From Wikipedia, the free encyclopedia

This is an old revision of this page, as edited by 64.85.217.144 (talk) at 05:48, 9 February 2011 (→‎See also: cat. sorting). The present address (URL) is a permanent link to this revision, which may differ significantly from the current revision.

PNG version of a graph
SVG version of a graph meant to look similar to the PNG

Graphs and other pictures can contribute substantially to an article. Here are some hints on how to create a graph. The source code for each of the example images on this page can be accessed by clicking the image to go to the image description page.

Guidelines

  1. Use the SVG format whenever possible. If you can't, use any software to create the plot in a bitmap format but make it very large, for instance 6000 x 4500 pixel size with Postscript Times or Symbol font size 48 and a line thickness of 17 pixels. Then use software like Photoshop or GIMP to Gaussian blur it at 2 pixels. Finally reduce it down to about 1000 pixels on a side (e.g. 1300 x 975) using bicubic interpolation. This gives a plot with no jagged lines that is also big enough so that someone could download it and use it for projection purposes without apparent pixellation. Save the image as PNG.
  2. Plots should be as language-free as possible, and uploaded to Wikimedia Commons, so that they may be used in any language version of Wikipedia.
  3. The descriptive text should be confined to the caption as much as possible. Try to put as little text as possible in the image itself. You can also place additional text on the image description page if needed.
  4. For SVG images, it is important to use only the fonts supported by MediaWiki (listed here), and to not convert the text into paths. Here are some additional recommendations for text legibility.
  5. It is best if color coding is not the only thing that differentiates parts of the graph. The graph should be understandable even when the article is printed on a gray-scale printer, viewed by the colorblind, or seen on a monochrome display. Use dashed or dotted lines or differently-shaped symbols to identify different objects. In order to make the picture clearer and nicer, you can certainly use color to add redundant information: for example you could plot two different functions with a solid and a dotted line in two different colors. If you use only colors to convey information, choose them so that, if the picture is converted to gray-scale, you still can distinguish them thanks to the evident contrast. You can test your choices with Vischeck. See Wikipedia:Manual of Style#Color_coding.
  6. Include the commands by which you created the plot on the image description page so others can replicate your work to make additions, fixes, translations, and so on. Ideally someone else can copy and paste the commands and obtain the same result. One way to test that is to write a script and execute the script (instead of interactively typing the commands). Then just copy and paste the script into the image description page. Commenting your code is also helpful to make your code more understandable.
  7. Be sure to include a licensing tag (GFDL, CC, public domain, etc.) on the image description page.
  8. If you are creating an SVG image and want to insert Greek and other special characters, please make sure first that it will display correctly when uploaded and converted to a raster image by the MediaWiki software. The most common problems are with characters in the Symbol font which does not display correctly in MediaWiki. If, for instance, "π" is rendered as "p" in Mediawiki's output, your software is generating characters with the Symbol font and needs to be reconfigured. Unicode characters usually display correctly, and are supported by most programs including Inkscape. Or, you can convert the characters to paths as a last resort. You can find the complete Greek alphabet on Commons which you can then copy and paste into your application as they are already in the correct format. (Make sure to copy directly from the SVG image, not the raster output.)
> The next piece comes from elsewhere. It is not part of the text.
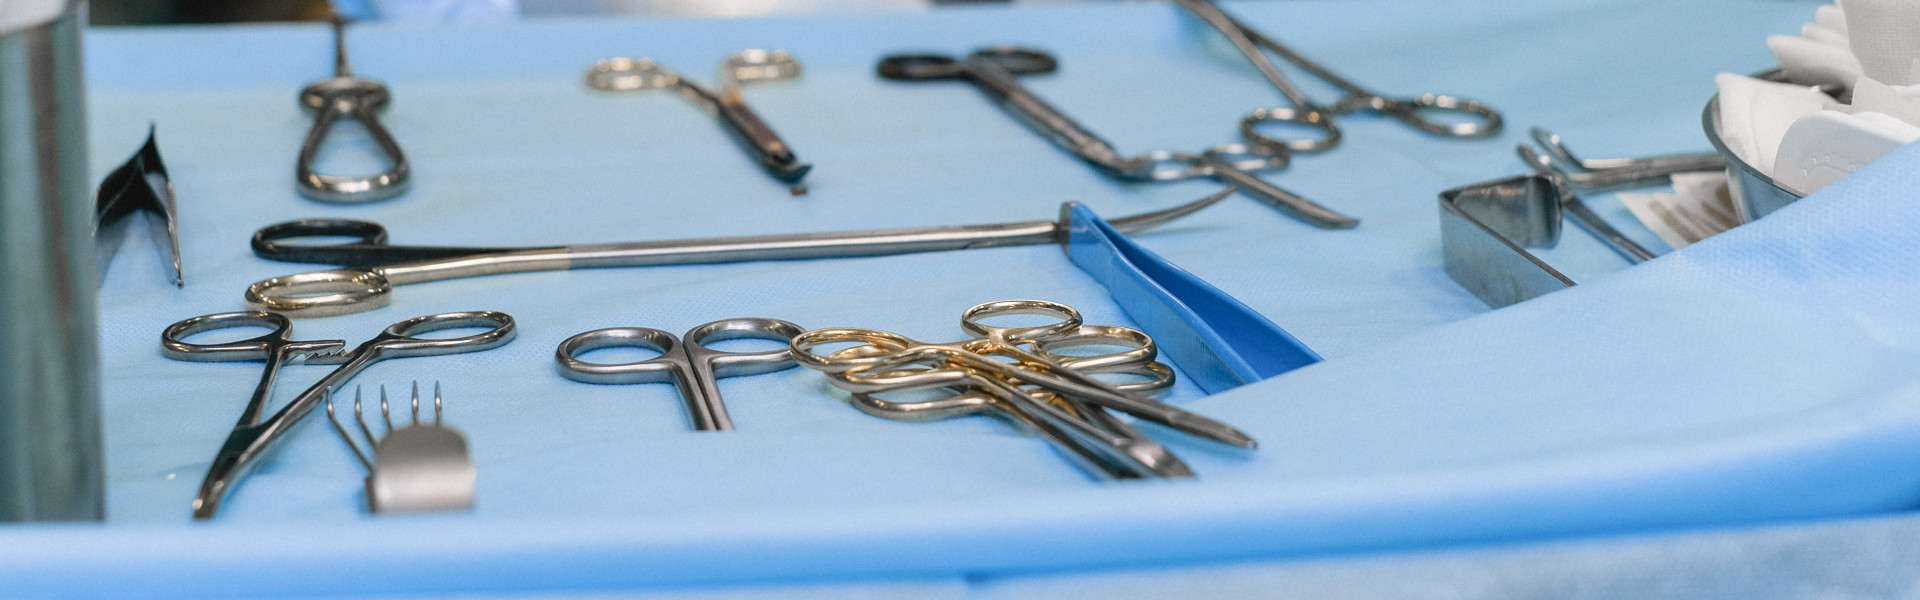 surgery operating theatre instruments

See also the graphics tutorials on how to create pictures, and the picture tutorial on how to include them in articles. There is additional discussion of plotting on Template talk:Probability distribution#Standard_Plots.

Plotting

gnuplot

Many of the graphs on Wikipedia were made with the free software program gnuplot. It can be used by itself or in conjunction with other software.

For example, to plot the data in file "data":

set xlabel "steps"
set ylabel "result"
unset key
#use bars in plot: with boxes
#choose line color/style in plot: linetype n
#plot filled bars (fs): pattern n
set style fill pattern 2
plot "data" with boxes linetype 3 fs
A plot of Hermite polynomials, generated by gnuplot in SVG format
A plot of the floor function, generated by gnuplot in SVG format

Now that Mediawiki supports SVG, it's usually best to generate SVG images directly. SVG images have many advantages, like being fully resizable, easier to modify, and so on, though they are sometimes inferior to raster images. Decide on a case-by-case basis.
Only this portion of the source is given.